Basis of Decision: It is the general accepted practice that MOA of the companies are drafted so as to include a broad spectrum of objects and activities in the object clause even if no such activities are actually intended to be carried out by the company. In the instant case, no business of giving guarantees for repayment of loans etc. has been carried out by the company and in fact, no guarantee has been given to any party for repayment of loan. The impugned guarantee transaction is the solitary transaction which has been entered into without charging of any commission.

Decision: Giving of guarantee was not a commercial decision and in the ordinary course of company’s business because it could not be company’s business to guarantee the payment of bad and irrecoverable amounts.

[Source: Malbros Investments Ltd. vs Dcit on 11 March, 2004]

  1. Granting of loan:

[A] Facts: The company is engaged in manufacture and sale of sugar and advanced a loan to a firm.

Basis of Decision: Every act which is intra vires of the company (allowed in the MOA) is not necessarily done in the ordinary course of the business of the company. It must be found as to whether the particular act has any connection with the normal business that the company is carrying on and whether it is so related to the business of the company that it can be considered to be performed in the ordinary course of the business of that company.

Decision: moneys lent by the company were not in the ordinary course of business, and that transaction did not constitute part of the business of the company.

[Source: Seksaria Biswan Sugar Factory vs Commissioner Of Income-Tax, AIR 1950 Bom 200]

[B] For companies which are engaged in financial services: When a commercial bank grants a business loan it is absolutely in ordinary course. But when a housing finance company grants a business loan it’s clearly not in ordinary course if the same is not a recurring transaction.

Conclusion

The question whether a transaction is in the ordinary course of business of a company or not will vary depending upon the facts and circumstances of each case.
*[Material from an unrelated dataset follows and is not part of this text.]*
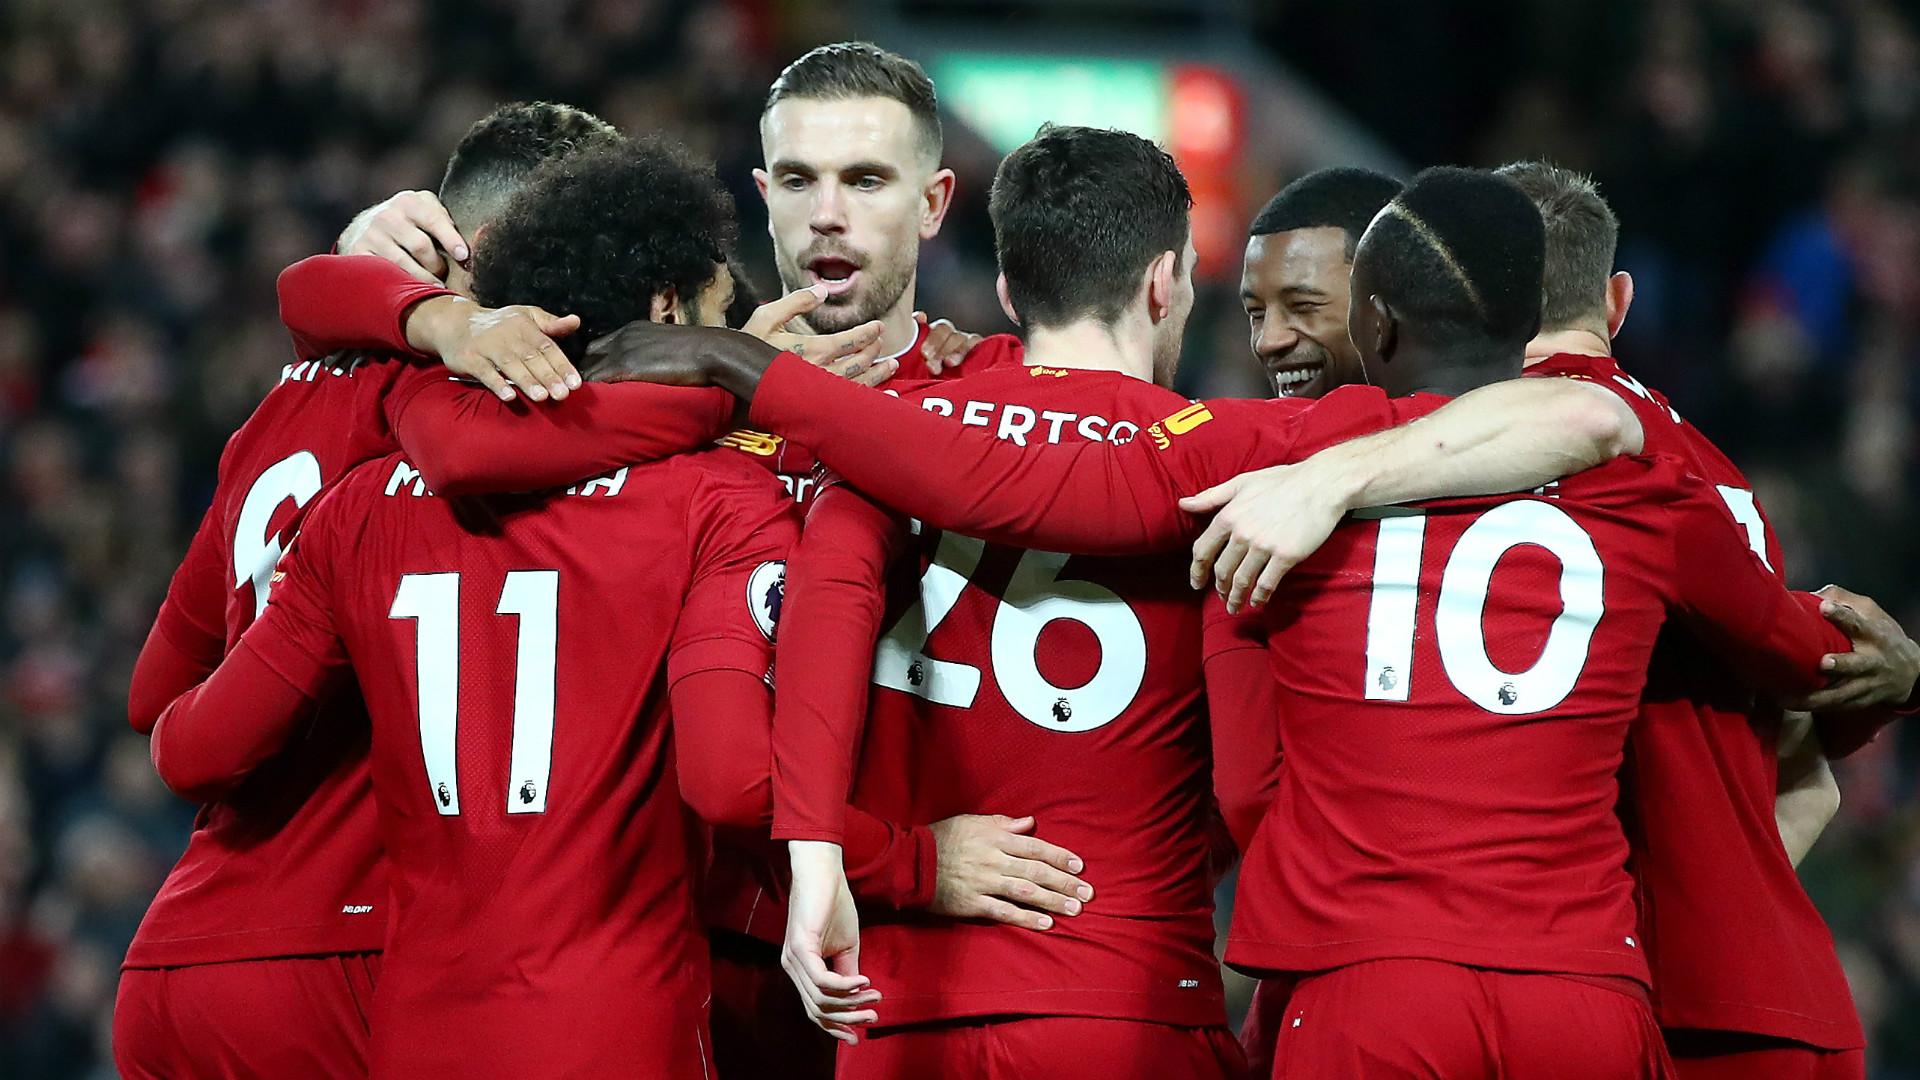 FA Cup: Solskjaer sends Martial, Lingard home from Man Utd training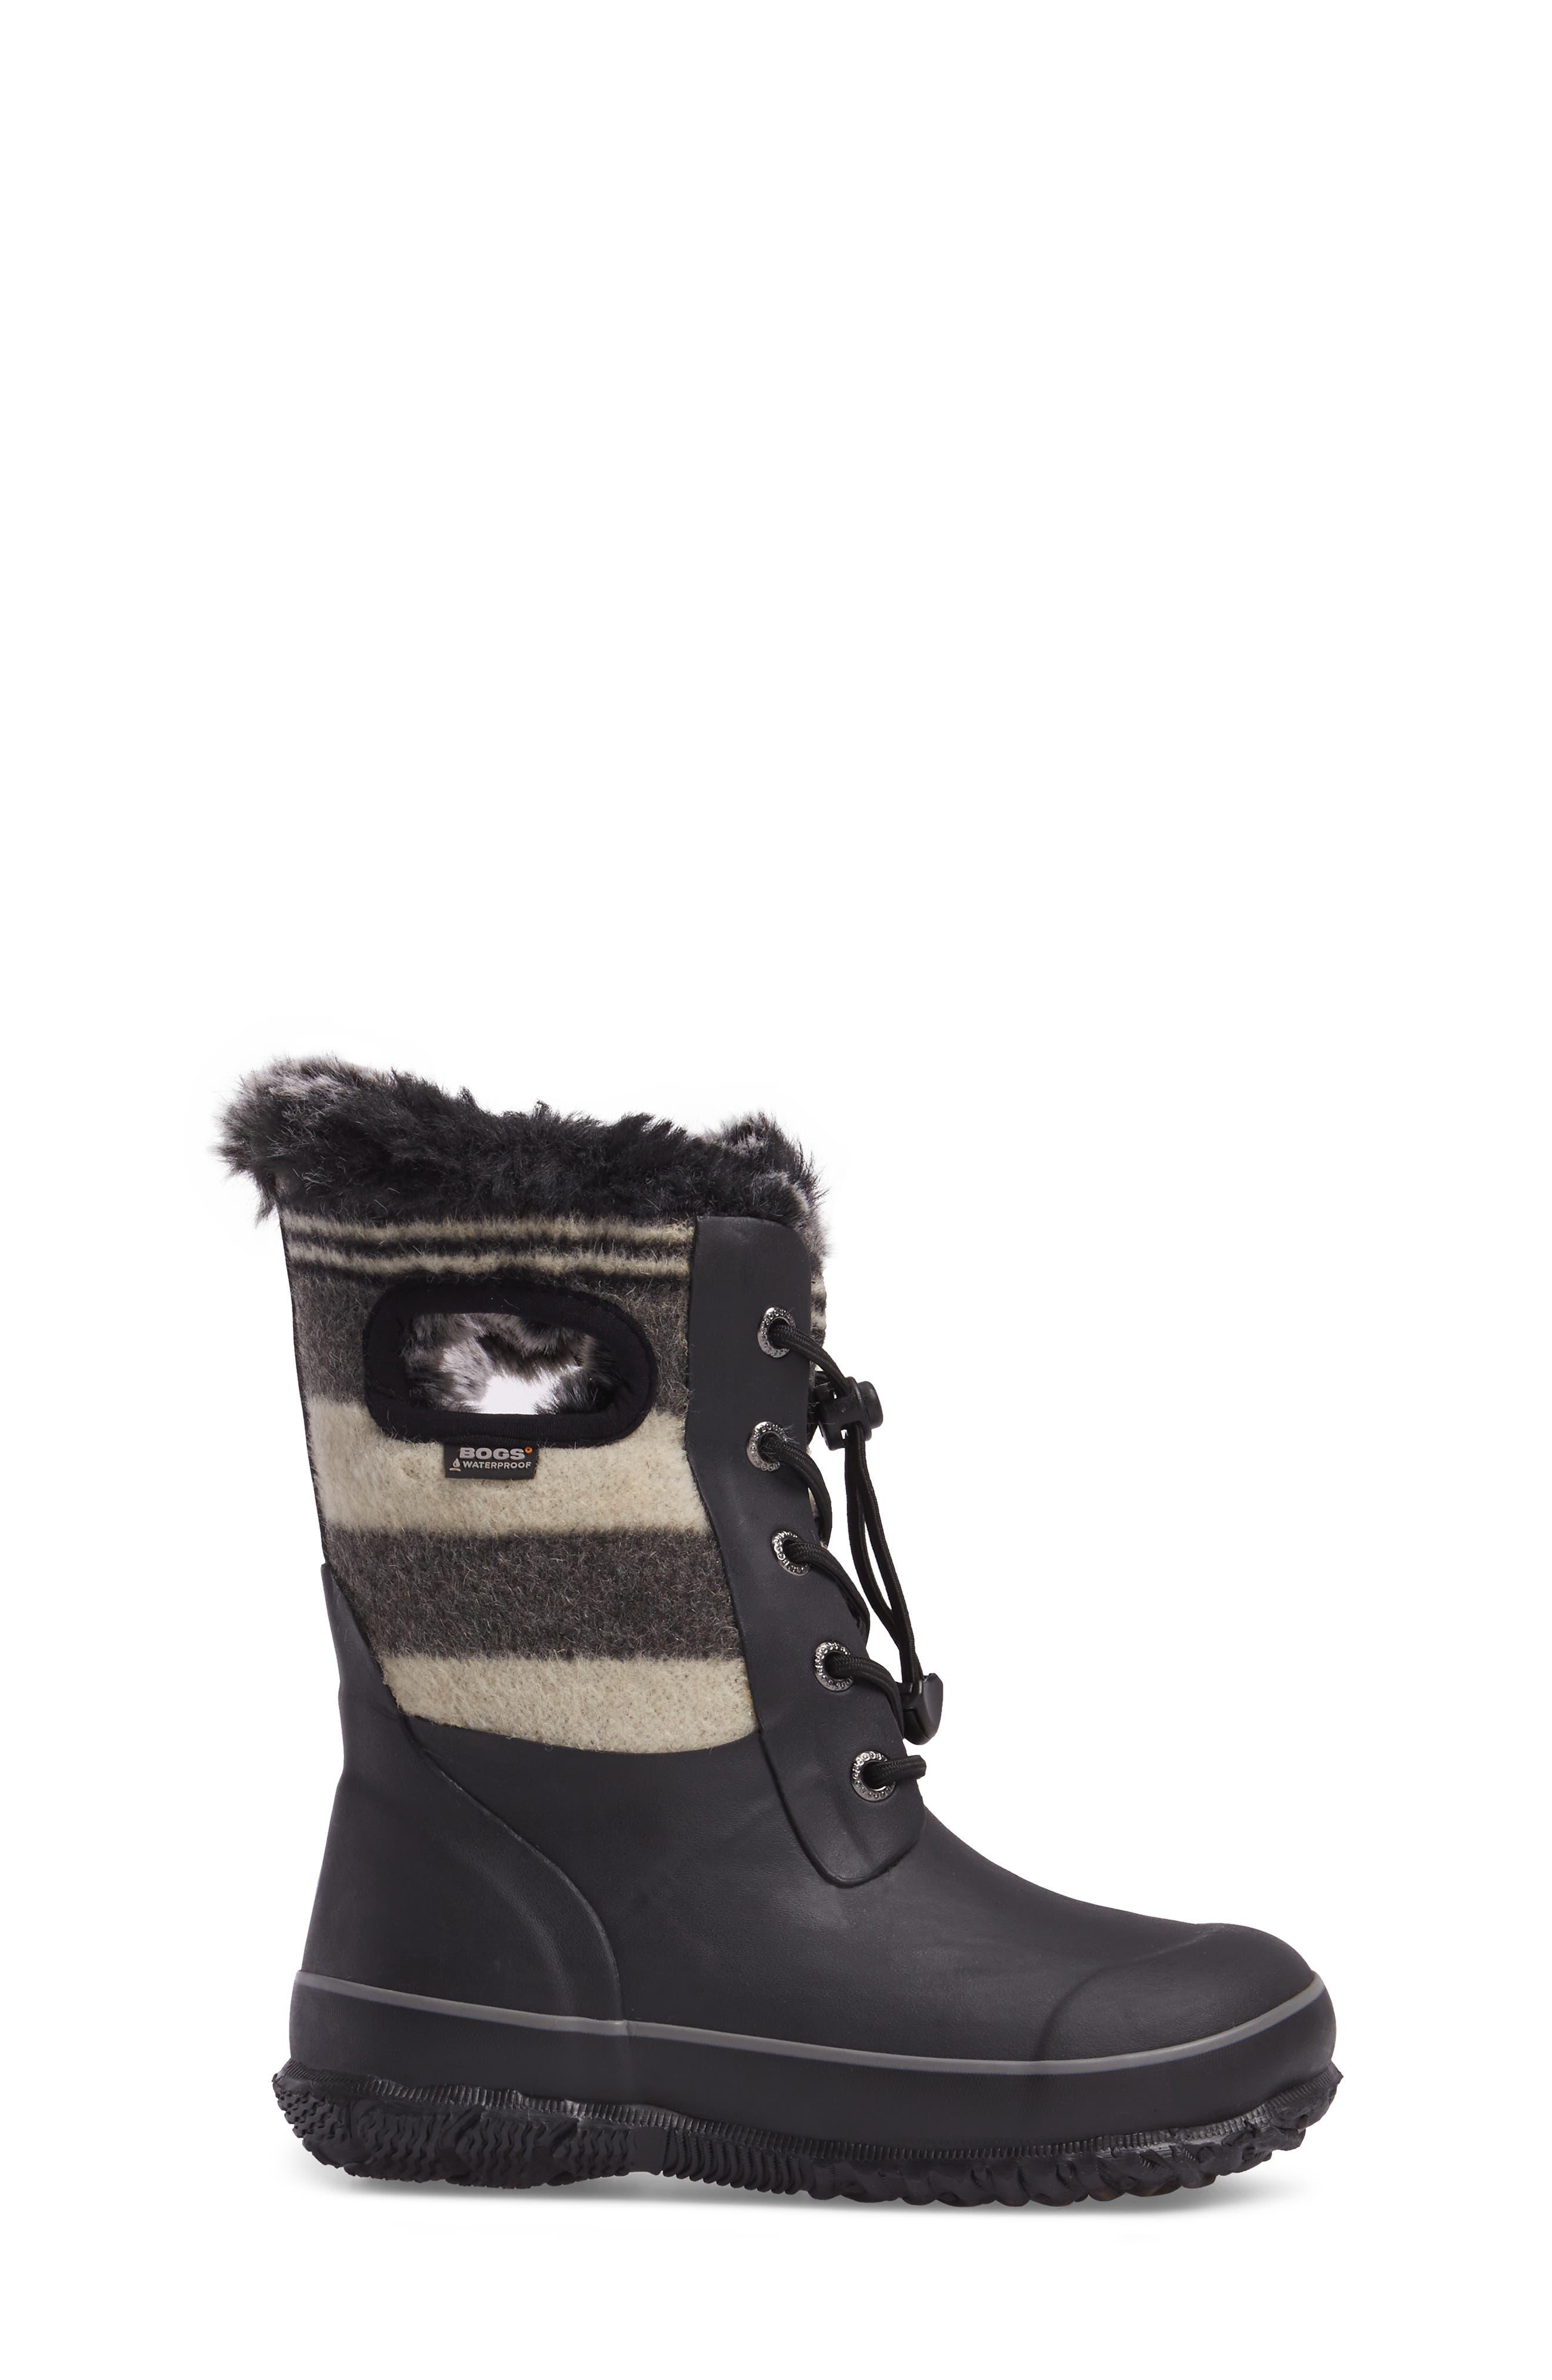 Alternate Image 3  - Bogs Arcata Stripe Waterproof Insulated Faux Fur Boot (Walker, Toddler, Little Kid & Big Kid)

There cannot be a specific guideline or thumb rule for all the companies because it is a relative aspect and every organization has its own complex operations and diversified sectors. A company might end up being non-compliant just because of a slight misinterpretation. That’s why it is extremely important to analyze it conscientiously. The Board of directors must unequivocally come to a conclusion for the respective matter after considering potential conflict of interest and sensitivity of the transaction.